李乐山腾地一下从位置上起来,猛地站起来眼前一黑,头晕了片刻。
他回了回神,往店里面走,跟刘扬对上眼以后冲他招招手,将他喊了过来。
“怎么了?”刘扬还惦记着手里的那副牌,他冲牌场喊了一句,“别偷看我牌。”
“我要回家一趟。”李乐山拿出手机打字。
刘扬凑近看了一眼,他问:“没出什么事儿吧?有事儿说。”
李乐山摇了摇头,得到应允以后随手拎了件外套就往家赶。
他有点急,不知道家里发生了什么。

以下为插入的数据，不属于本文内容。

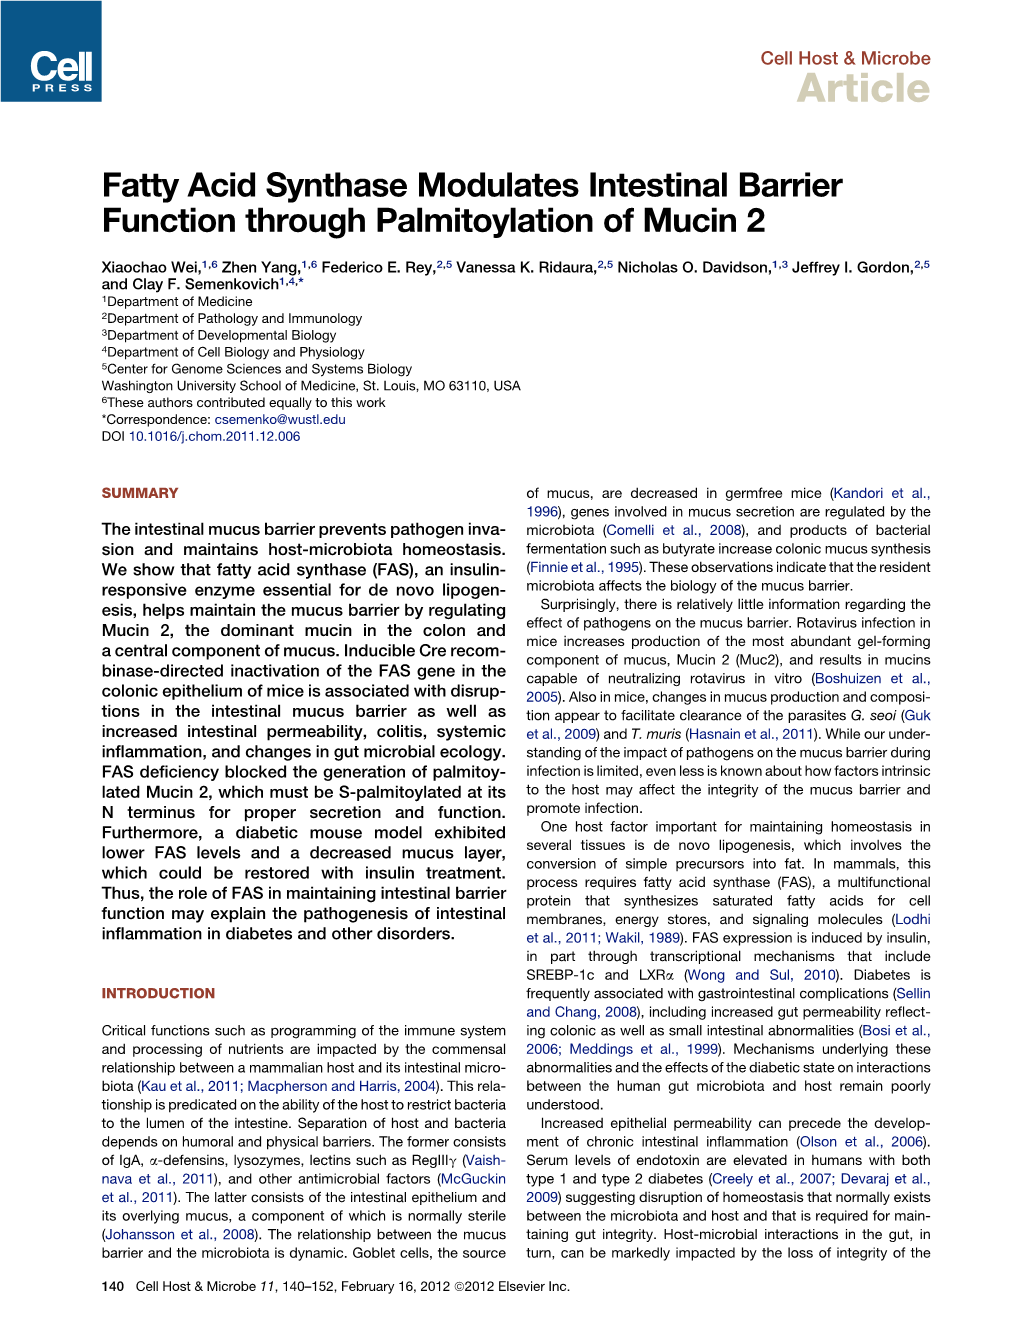 Fatty Acid Synthase Modulates Intestinal Barrier Function Through Palmitoylation of Mucin 2

给奶奶打了一通电话她也没接。用最快的速度赶回家,车都没来得及停好,被他随手扔在路边,李乐山无暇顾及它是不是摔着了,深吸一口气,没有一丝停留的跑上五楼。
手里的钥匙不听使唤的一直插不进去,李乐山控制住自己有点发抖的手,感觉心里扑通扑通跳,从没这么快过。
别是李勇。
千万别出事。
此刻他满脑子只有这两个念头。
铁门吱呀一声被推开,李乐山急忙进去带上门往奶奶的房间走,因为步伐太急还差点被门口的鞋绊了一脚。
“乐乐,”房间没开灯,奶奶的声音传来,她坐在床边,脸上带着点担忧,“你怎么回来啦?”
她拉着李乐山的手,不知道发生了什么。李乐山上上下下打量了她一遍,确定奶奶没有什么事以后才终于松了口气,他连忙拿出兜里随身携带的纸笔,写了两个大字,“信息。”
奶奶反应过来,她拍了下大腿,“哎哟,奶奶不小心发出去了。你看你急的,奶奶没事儿。”
李乐山一愣,慢慢地将额头抵在她的膝盖上,心跳的依旧快,他太怕了,这一路几乎想了所有的结果,最差的最坏的,他甚至都不知道自己怎么回来的,连路都没有看。